また、公立高校の学費全般は、親の収入に応じては、無償の場合もありますが、私立高校の場合は、大阪府などが一部免除、というようなシステムを導入していますが、全額免除、というところはありません。近年、私立高校に子どもを通わせる親たち中心に、私立高校での学費無償化に向けての署名活動も盛んに行われています。ただ、「私学はお金持ちの行くところ。高い学費が払えないというのなら、公立に編入させればよい」というような考えも根強く残り、実現への道のりは遠いようです。

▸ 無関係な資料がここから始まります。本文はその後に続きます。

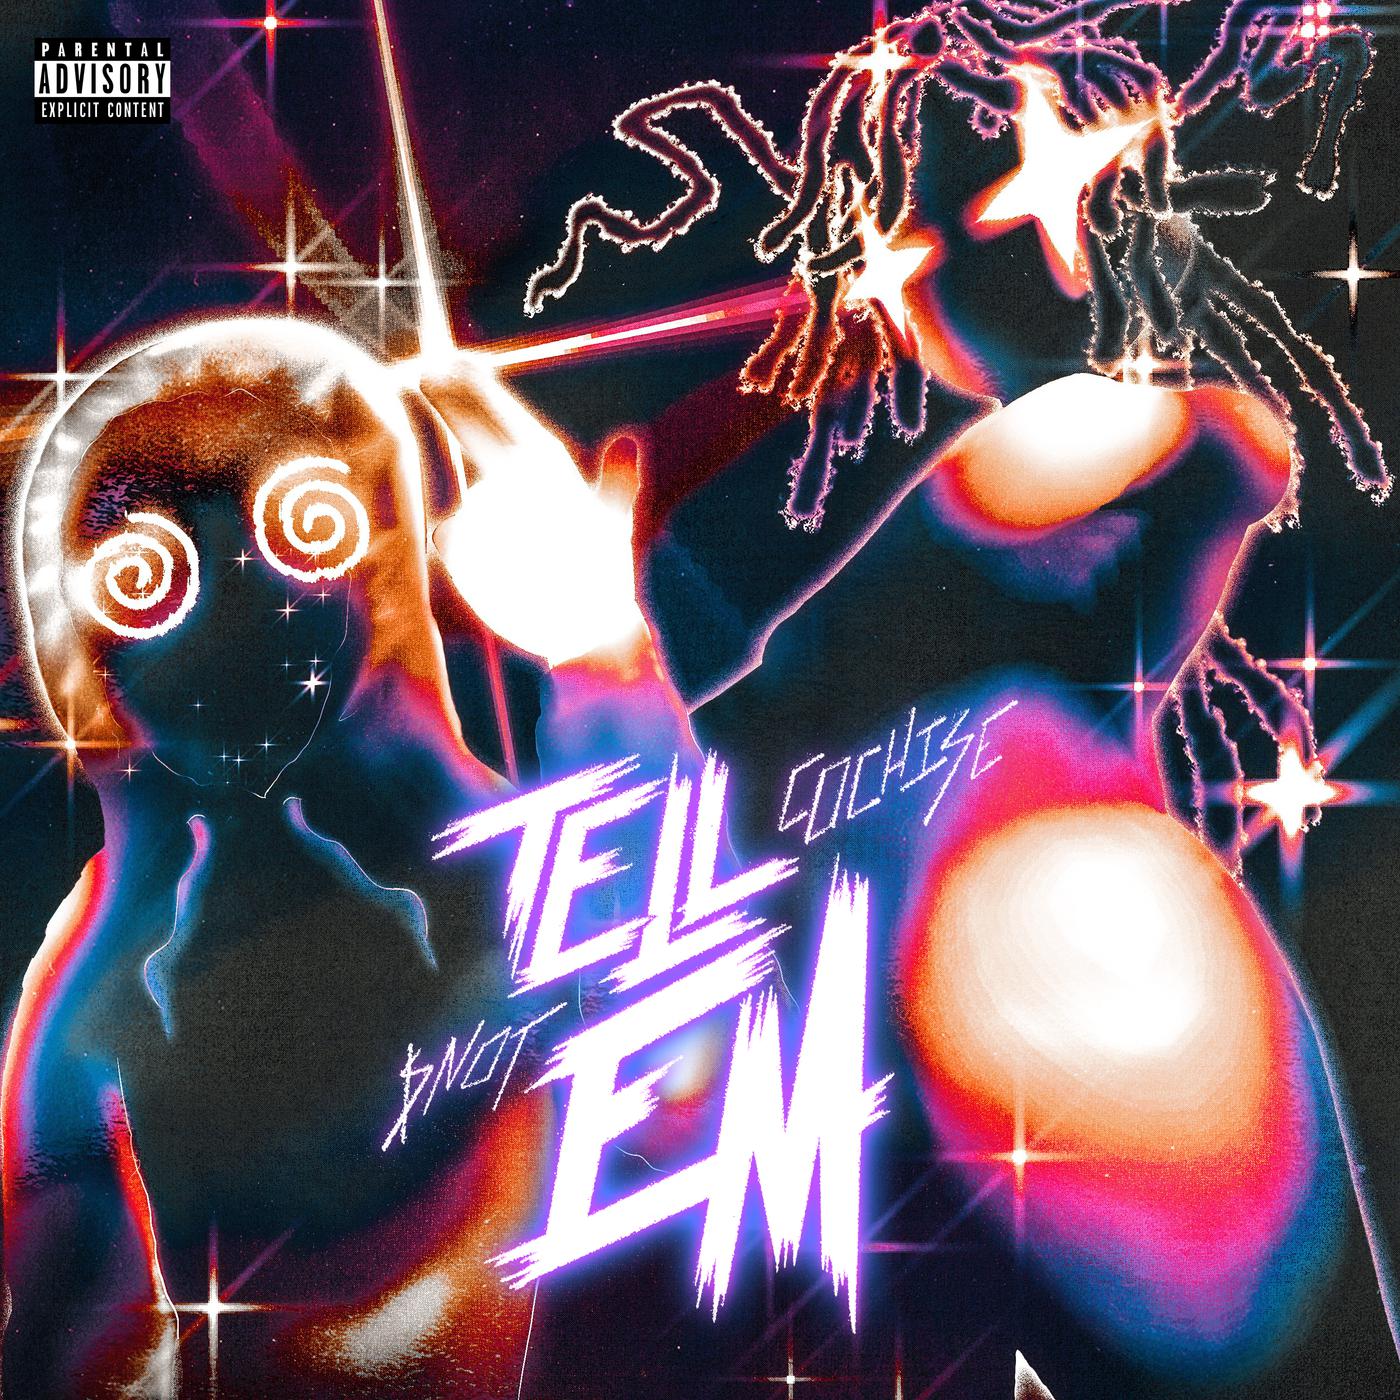 Tell Em歌词 歌手Cochise / $NOT-专辑Tell Em-单曲《Tell Em》LRC歌词下载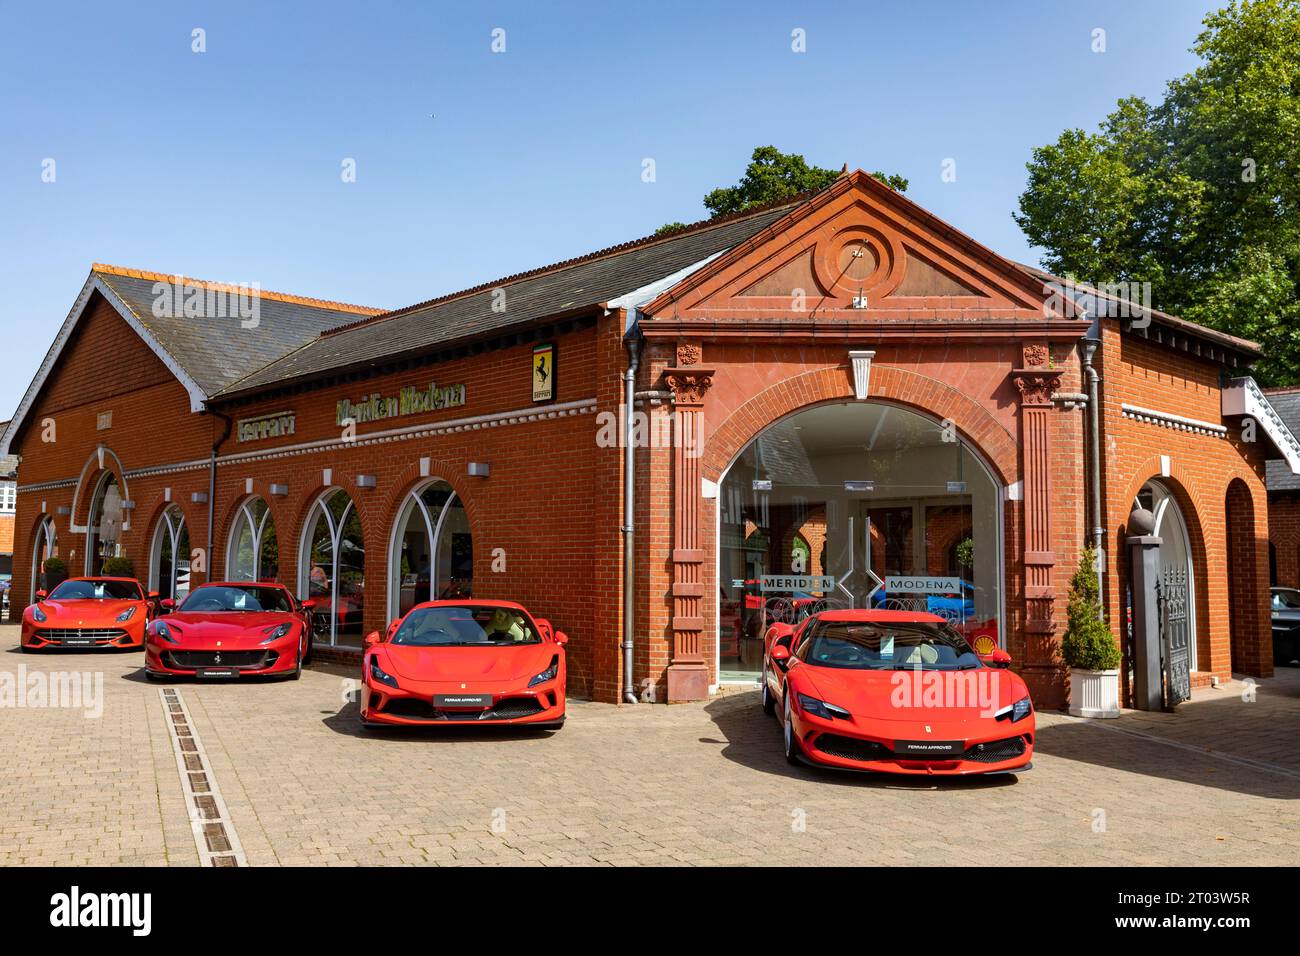 Concessionaria di auto sportive Ferrari, Meridien Modena a Lyndhurst, Hampshire, con Ferrari rosse sul piazzale, Inghilterra, Regno Unito Foto Stock

「そのように法制化されてしまえば、恥ずかしい、という気持ちが消えて、消費者金融で借金をしてまで、という親は減ると思うのですがね」。
金銭的な親の見栄も気になるが、学業に関しての見栄もついつい、張ってしまい、「子どもの宿題をやってしまう親がいるのには閉口します。レポートなど、親が必死で子どもの課題の体裁を整えてしまうんですね。普段その子が使わないようなコトバ遣いで書いてくるので、もしや……、って気づいてしまいますよ。保護者はもっと、見栄から自由に、本来の子どもの素晴らしさを認め、他者との比較ではなく、現在の生活水準のありのままを受け入れ、肯定できるようになって欲しいです」。